Nope. Encryption + Remote Wipe + Local Wipe on too many failed password attempts (see "Safe and Secure by Design" and "Ready for Business" on this page [apple.com]). Not even in the same universe as far as security goes...

See, I don't get all the people in this thread saying Android devices are "horrible" and "not even in the same universe as far as security." I have an Android phone from Motorola. It's billed by T-Mobile as one of their lower-end, entry-level smartphones, as opposed to a "teh awesomeness" phone. Nonetheless, my phone can encrypt the data on the device and the SD card, and it comes bundled with a (free) service from Motorola that not only lets you remote wipe your data, but will tell you where your phone is

Re:

[macs4all]

Take your phone, run it over with a truck. Then set it (the phone, not the truck) on fire. Then throw the ashes in a glass block. Then launch the glass block into the sun.

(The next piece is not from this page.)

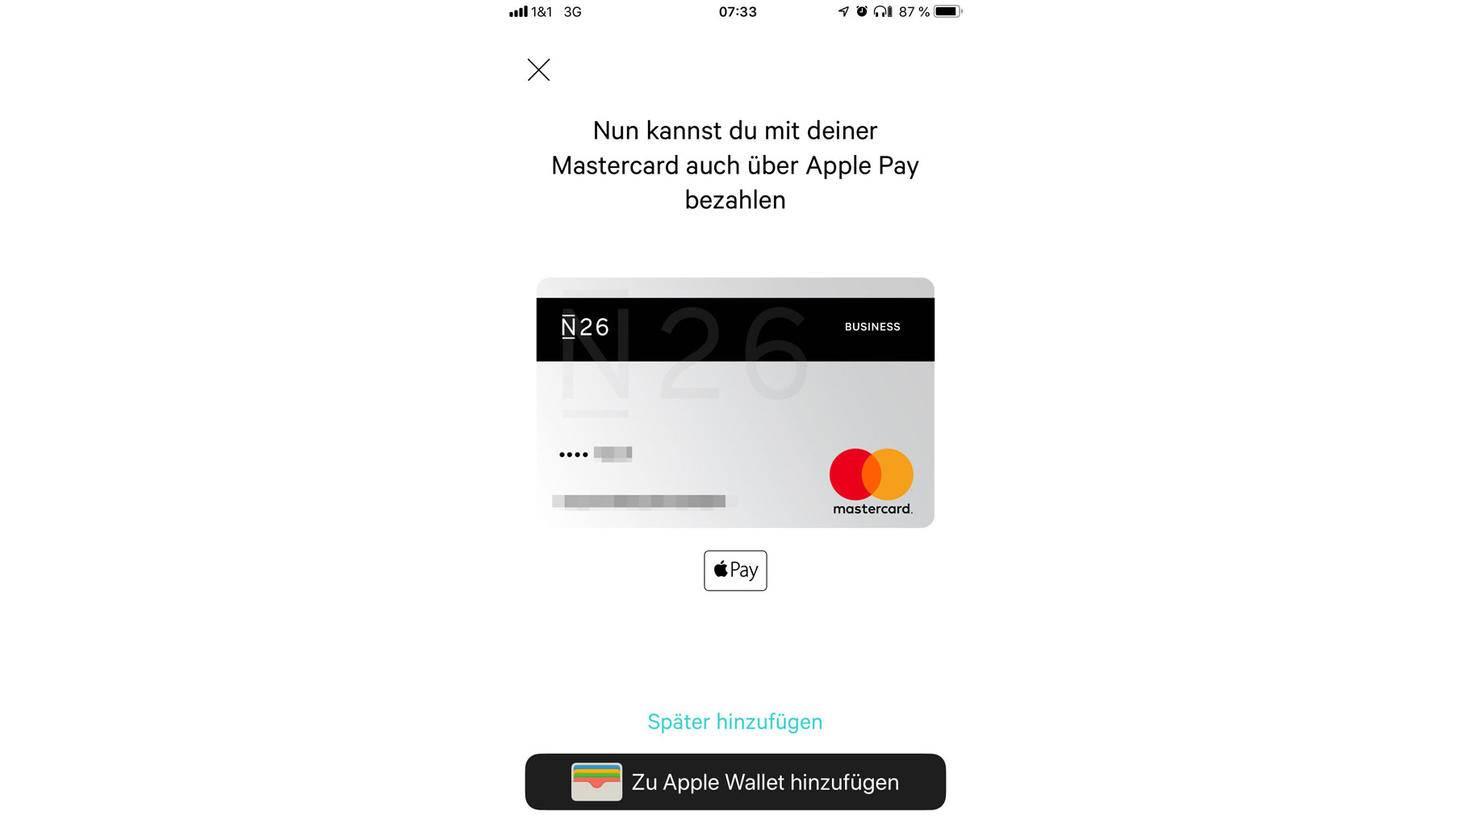 Als N26-Nutzer kannst Du die Karte per Knopfdruck zu Apple Pay hinzufügen.

And so you think that isn't susceptible to an extraterrestrial-in-the-middle attack?

Re:

[Terrasque]

I was thinking more of a moon-in-the-middle attack here, but hey.. that could work too.

Re:

[datapharmer]

Do you do that on your laptop? Most people freak out about their phones but are perfectly okay not encrypting data on their other devices. people are weak and make mistakes. Unless you want to play James Bond for a living get a life and move along.

Re:

[shutdown -p now]

Passwords and other sensitive data are not stored on SD card though (unless the app in question is written by someone really clueless).

Re:

[wdef]

Impressive. Wondering: are you in the security industry, hence the interest in working out how to close any back doors in the phone? There are probably clients in government/industry/crime who would pay to have their phones locked down.